The assumptions that are made regarding this migration scenario is that the SAP systems already exist on-site and that the only component that requires access to AWS is the DMO server. The process that follows moves data from the source database onto the SAP HANA database. How we do this is as follows:

STEP 1 – Login to your existing AWS account. If you don’t have an AWS account, then you should create one since it is necessary for the rest of the processes we are going to perform.

STEP 2 – Set up connectivity, either directly via AWS Direct Connect or through a VPN with the AWS Region.

STEP 3 – Create and run the SAP application instance and AWS SAP HANA database instance and on the server in accordance with the SAP HANA Quick Start guide.

STEP 4 – Enable the DMO server. This server can be housed on the same server as the SAP install or can be located separately depending on the demands for processing power and memory space.

STEP 5 – Check the network connectivity between the HANA database located on AWS and the DMO server located on-site. For large database sizes, the amount of data transferred may be immense so this connection should be stable enough so that there is no loss of data.

STEP 6 – Use DMO to carry over the contents of your local SAP HANA database onto AWS in a compatible HANA format.

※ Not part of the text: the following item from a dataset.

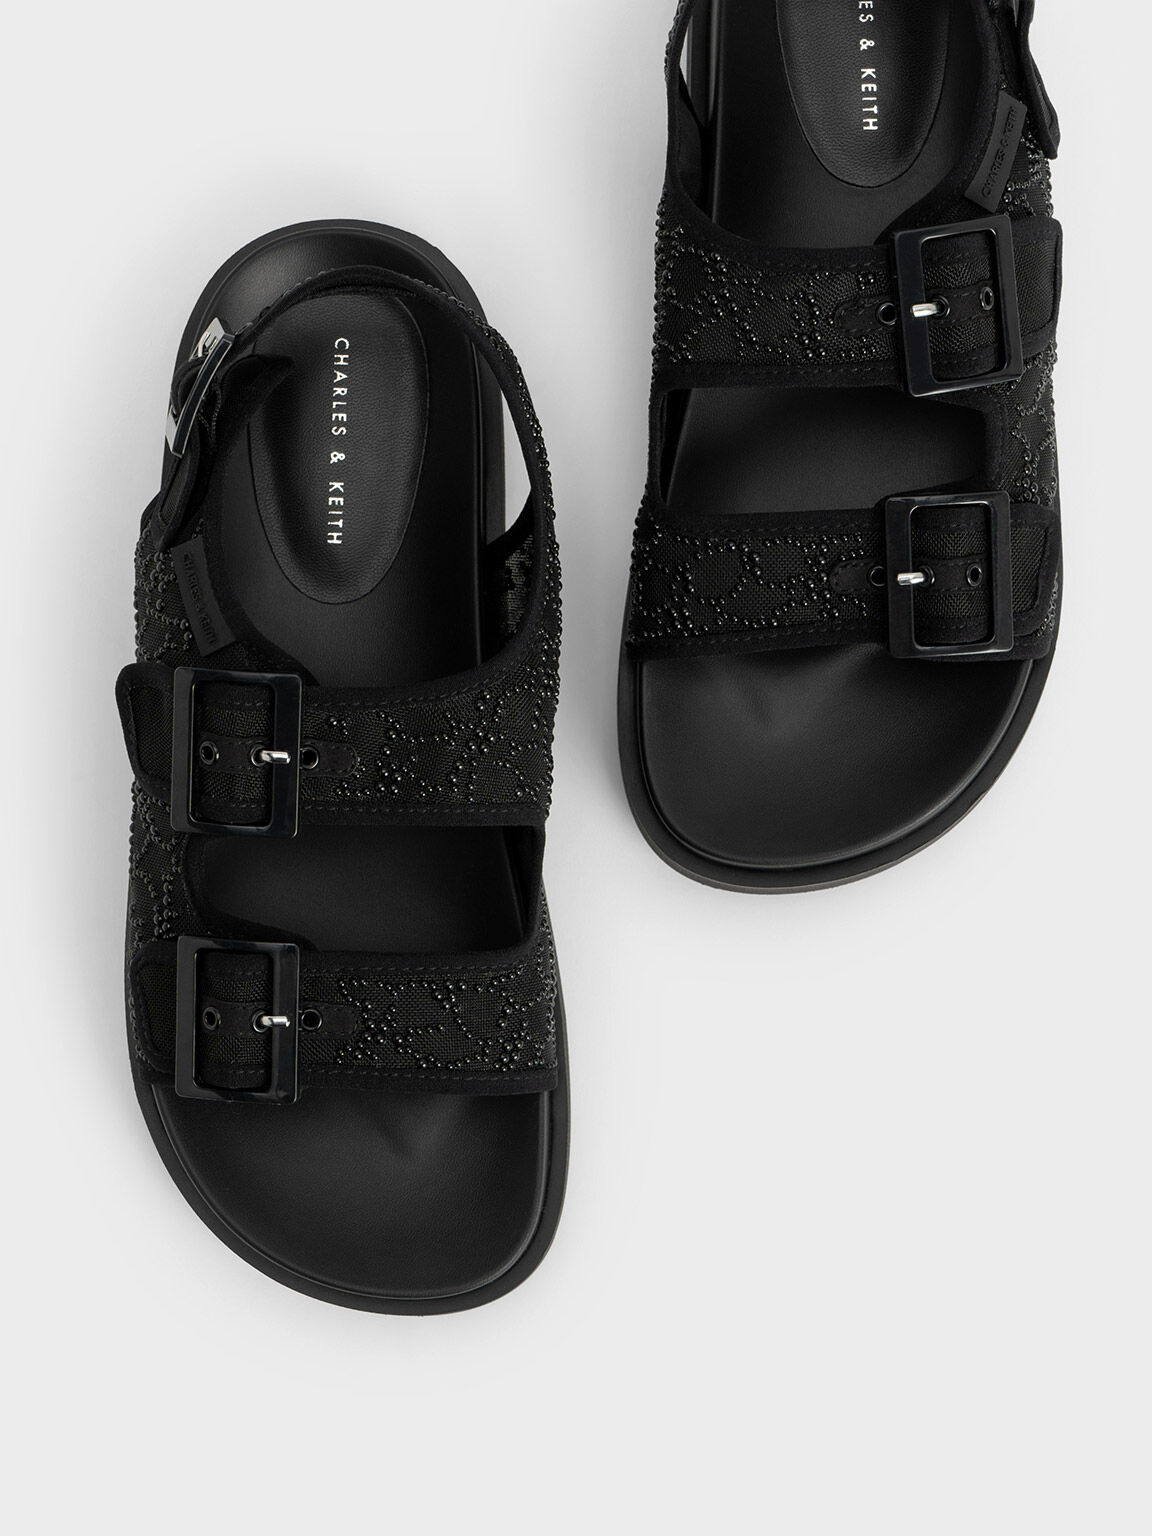 Sandal Flatform Beaded Mesh, Black, hi-res
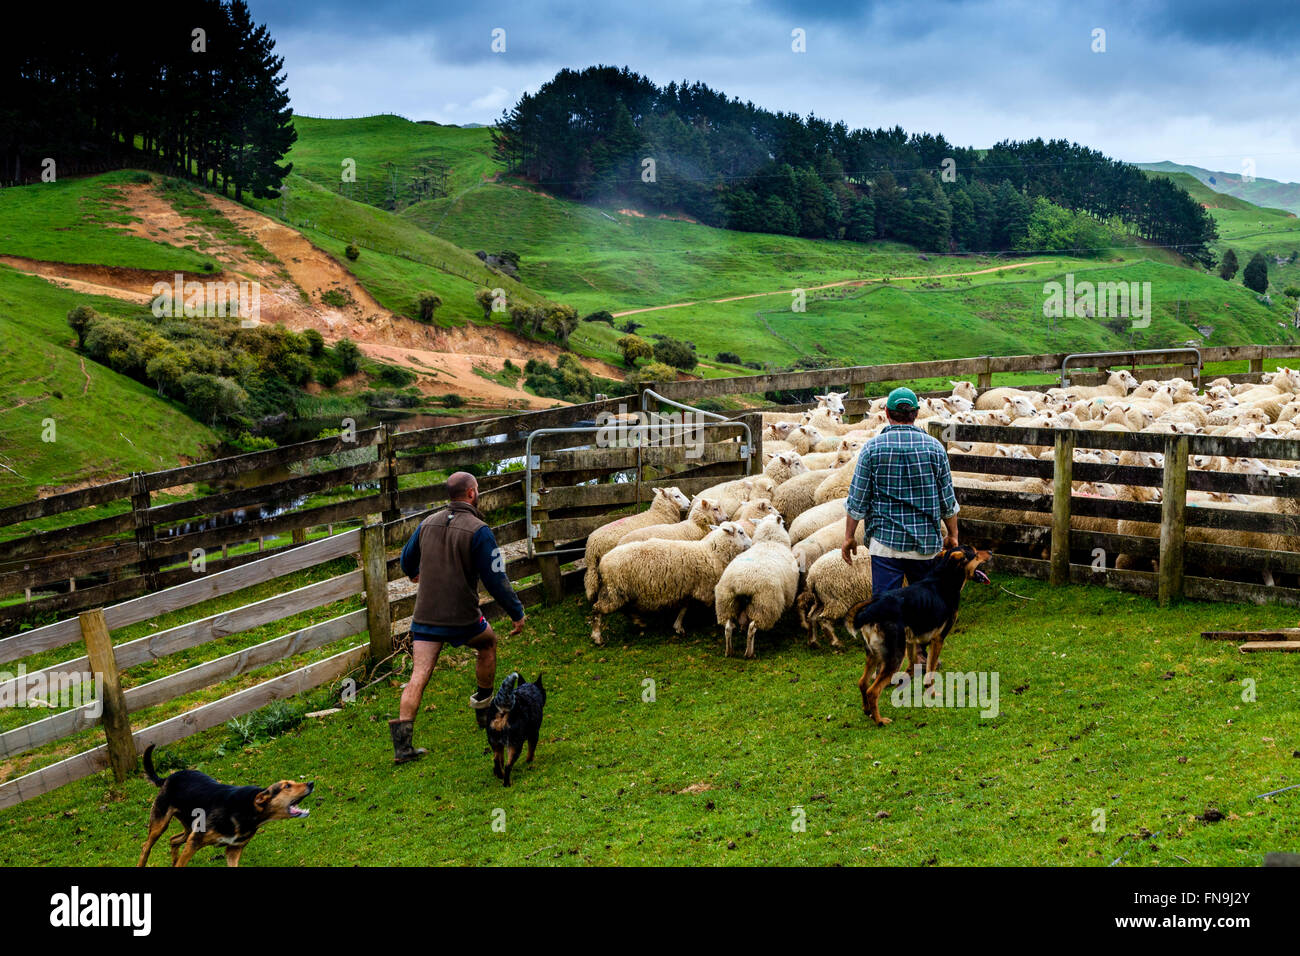 Sheep In A Pen Waiting To Be Sheared, Sheep Farm, Pukekohe, New Zealand Stock Photo

STEP 7 – Create and deploy new SAP application servers on the AWS server to correspond with the requirements of applications on the SAP HANA install.

Option 2: Using an AWS partner Tool for Migration

If you’re using a partner tool for the migration of your SAP server to the AWS server, you first have to copy the source system that resides on-site onto AWS then migrate that system into SAP HANA. The process is similar to the manual migration of your database using DMO and a few of the steps are unchanged.

STEP 1 – Login to AWS or create an account if you don’t already have one

STEP 2 – Create a direct connection using AWS Direct Connect to bridge the AWS Region and your local data center.

STEP 3 – Clone your system on the AWS server. This creates a distinct version of your system stored on AWS and will be the subject of the SAP HANA migration leaving the original system untouched on the local server.

STEP 4 – Create and run the SAP application instance and SAP HANA database on the AWS server in accordance with the SAP HANA Quick Start guide.

STEP 5 – Enable the DMO server. This can be done on the same server as the SAP install or can be housed on a separate server depending on its demands for processing and memory.

STEP 6 – Using the source system we cloned in Step 3, we will run the DMO migration server to build an SAP HANA database from this cloned server information.

STEP 7 – Create and deploy new SAP application servers on the AWS server to correspond with the requirements of applications on the SAP HANA install.

Migration Planning as a Necessity

Before moving your server online, proper planning is necessary. The installation of application servers won’t be copied along with the database information and must be done separately. Additionally, virtual names need to be assigned to enable the applications on the SAP server to work properly. For any company, if their database is above a certain size, then a few test-runs of the migration should be done before a final migration is commenced. Familiarizing oneself with SAP on AWS can aid in dealing with the more common issues that may arise during a database migration into the cloud.